Do you mean the 8086's instruction set? Many of those instructions are now implemented in microcode; sure, you can use them, but they're going to be dog slow. Turns out, nobody uses them.

Do you mean the i586 instruction set? Your system calls are going to be slow, since you have to trigger an interrupt.

Do you just mean 32-bit x86? That covers a large set of incompatible extensions among different vendors, and is of rapidly decreasing relevancy.

Do you just mean scaler instructions? That's really just hamstringing yourself: a lot of performance-sensitive applications involve manipulating vectors, and SIMD is a fairly easy and effective win.

Other nonsense? These additional instruction sets aren't just a gimmick, they exist to do more work faster.

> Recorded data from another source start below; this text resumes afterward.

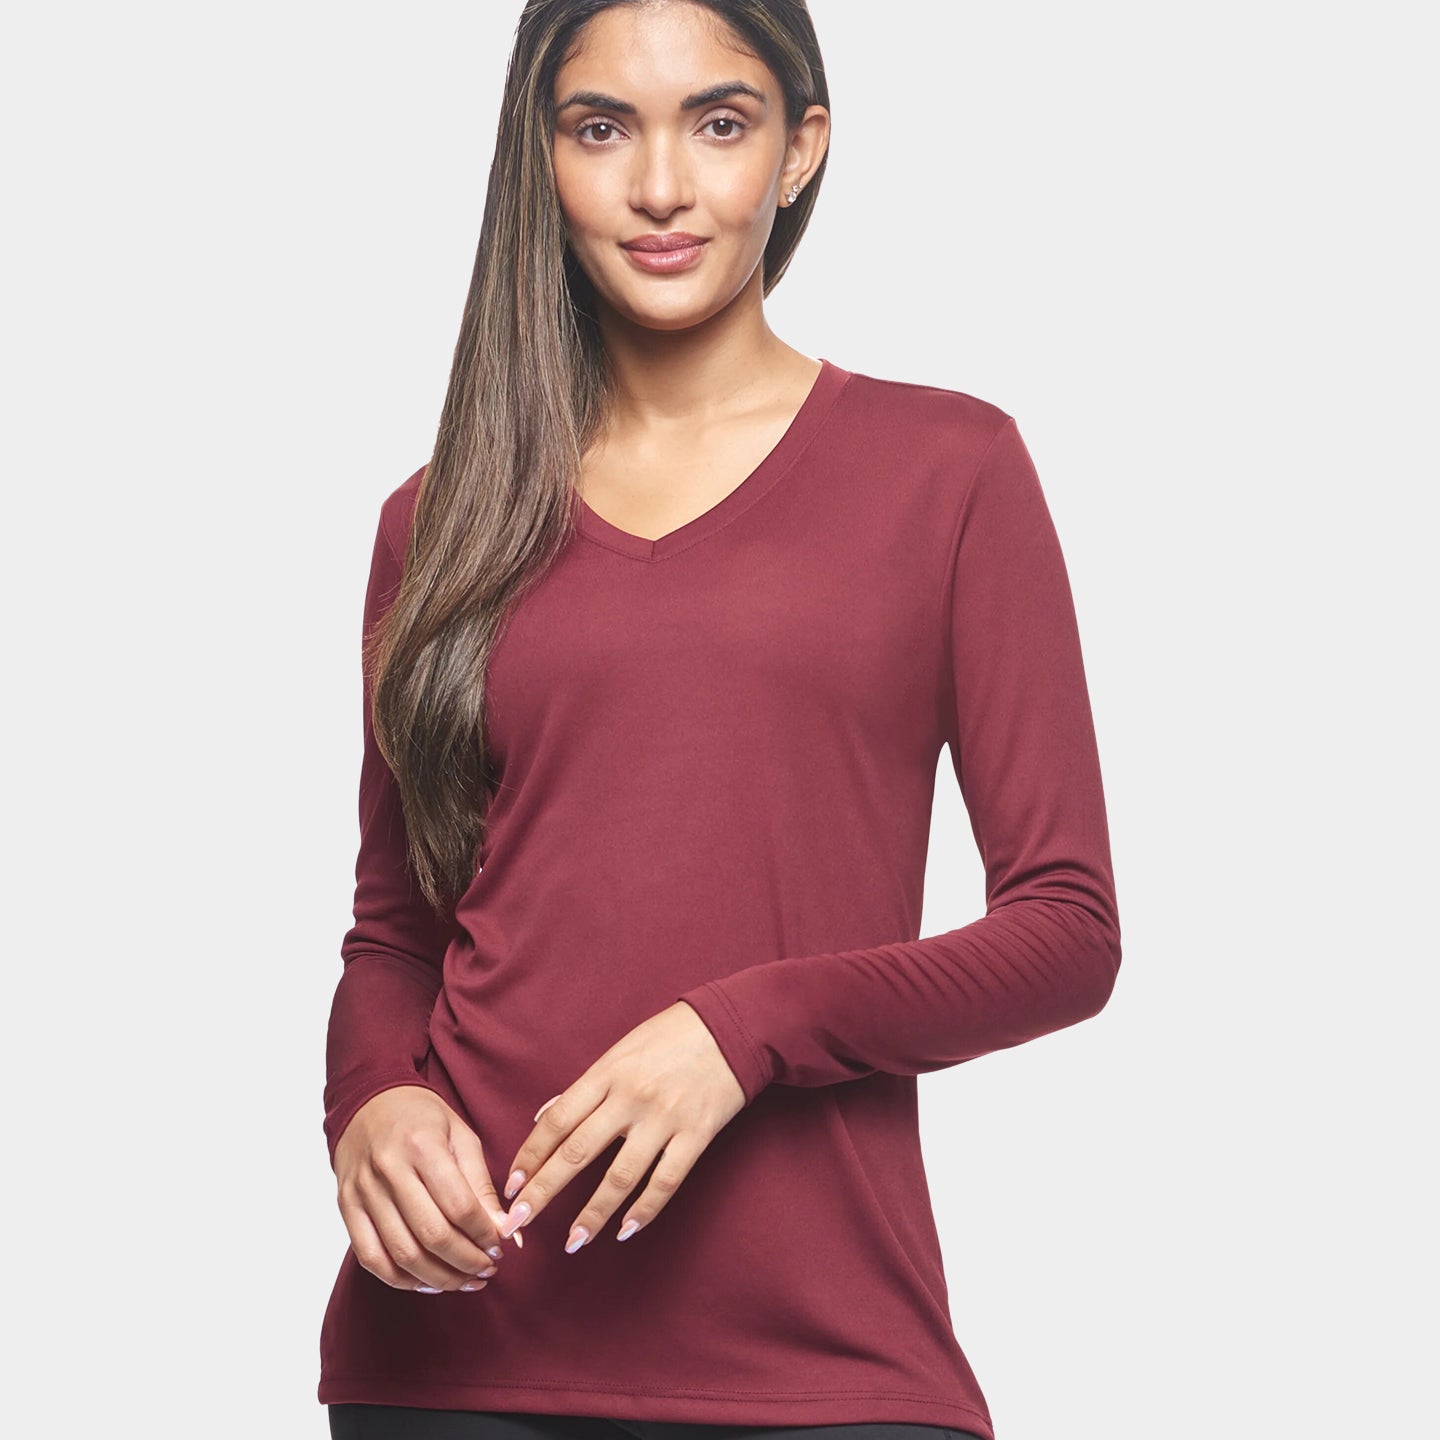 Expert Brand DriMax Women's Performance V-Neck Long Sleeve Shirt, XL, Cardinal A1
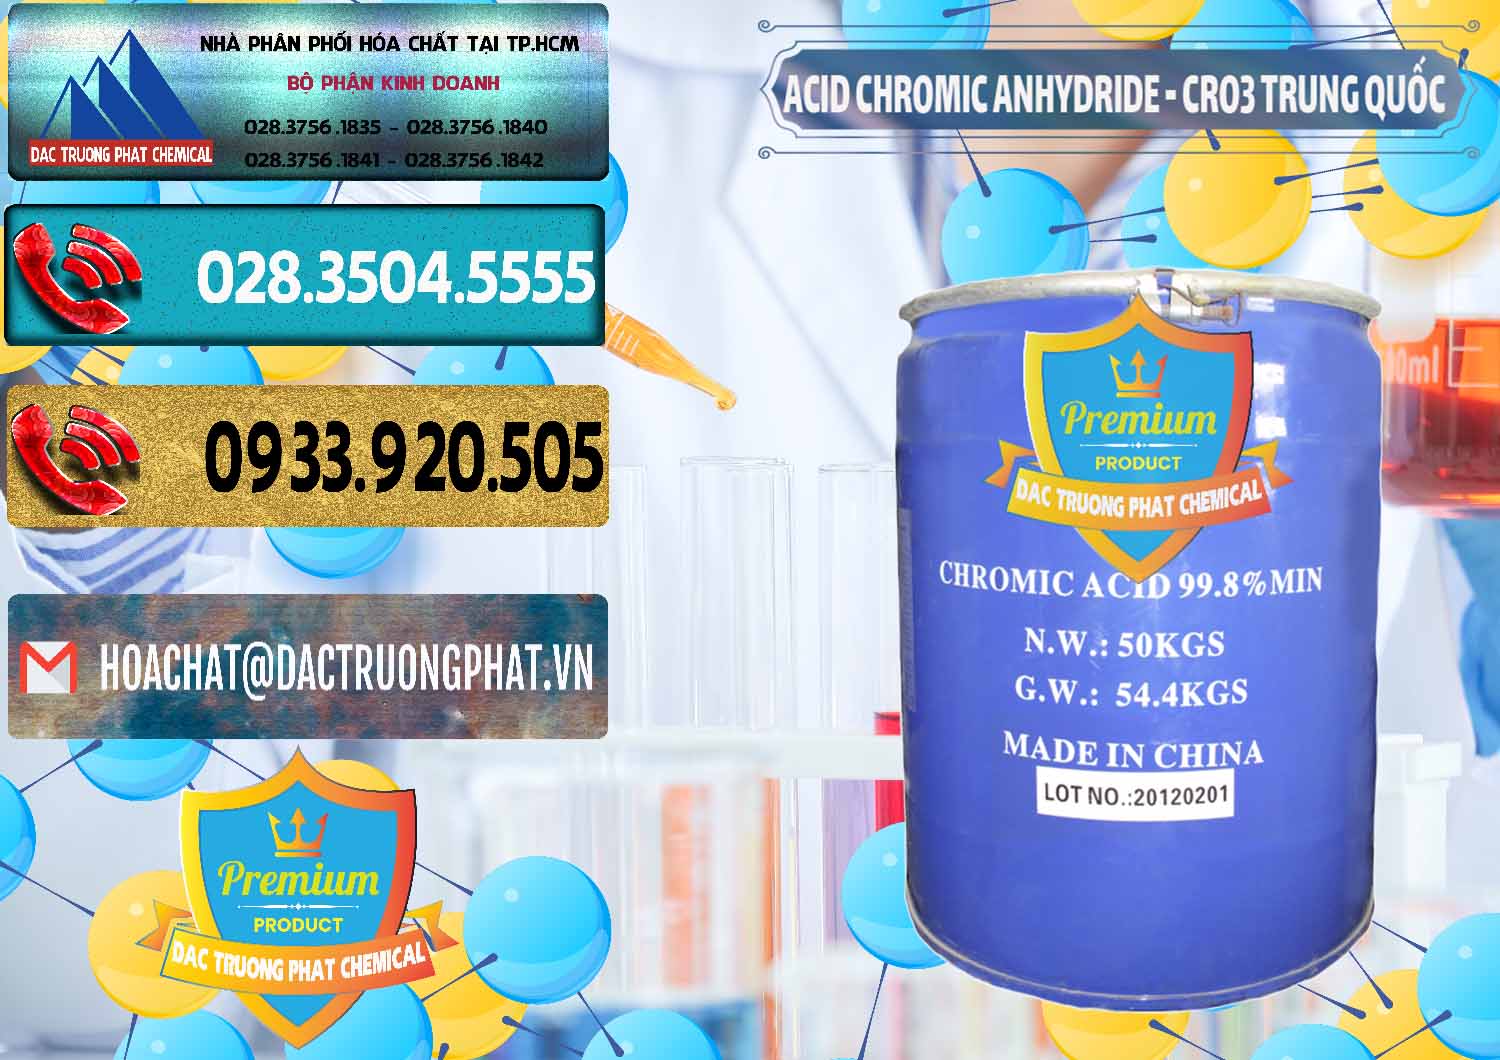 Nơi chuyên bán - phân phối Acid Chromic Anhydride - Cromic CRO3 Trung Quốc China - 0007 - Nhà phân phối và cung ứng hóa chất tại TP.HCM - hoachatdetnhuom.com
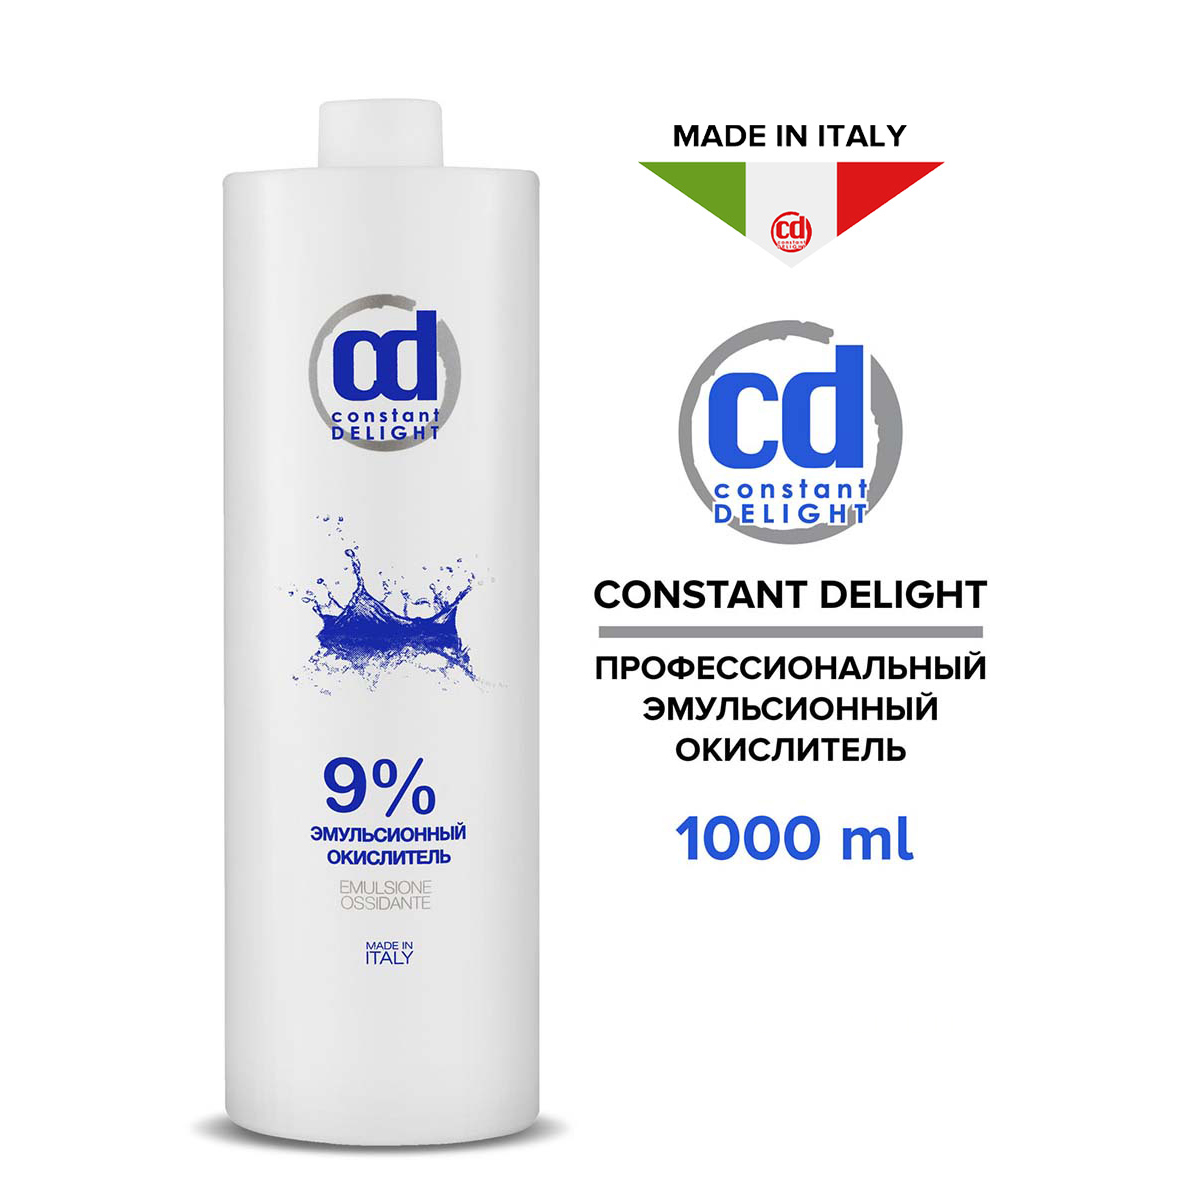 Проявитель Constant Delight Emulsione Ossidante 9% 1000 мл проявитель constant delight emulsione ossidante 12% 1000 мл

But my definition of two workload really just means a spectrum of different sorts of computation so we can see how various subsystems compare.

"These additional instruction sets aren't just a gimmick, they exist to do more work faster."

They don't really work much faster when the basic stuff in the core architecture is gimped (low-count ADD/MULTIPLY units? In this day and age of cheap silicon? Really?)

You don't trust the presentation demo AMD made a few weeks ago ?

No. I trust independent comparisons a lot more than I would ever trust the company making the product.

Following that event, a french magazine tried to replicate the bench and said they were similar to AMD's claims. So far no lies have been uncovered.

I think the benchmarks shown by amd can be trusted. But they are very very cherry picked, example the demonstration they did when they released the rx480

I've found out the hard way that the rx480 is actually a counter example to my earlier point. I'm happy with the performance but was misled about the state of Linux support.

I should have linked to the second page: http://www.eetimes.com/document.asp?doc_id=1331317&page_numb...

Relevant quote:

"AMD said its upcoming Zen x86 core fits into a 10 percent smaller die area than Intel’s currently shipping second-generation 14nm processor. Analysts and even Intel engineers in the session said the Zen core is clearly competitive though many confidential variables will determine whether the die advantage translates into lower cost for AMD."

> AMD said its upcoming Zen x86 core fits into a 10 percent smaller die area than Intel’s currently shipping second-generation 14nm processor.

We need to compare apples to apples. AMD's Zen chips have no IGP, while most Intel chips are shipping with an Intel GPU.

If you look at an Intel die shot, about half of the area is taken by the GPU. [0]

Since the current batch of Zen SKUs lacks any IGP, I'd be worried if they weren't able to come up with a die that's smaller than Intel's with an IGP...

[0] https://www.techpowerup.com/215333/intel-skylake-die-layout-...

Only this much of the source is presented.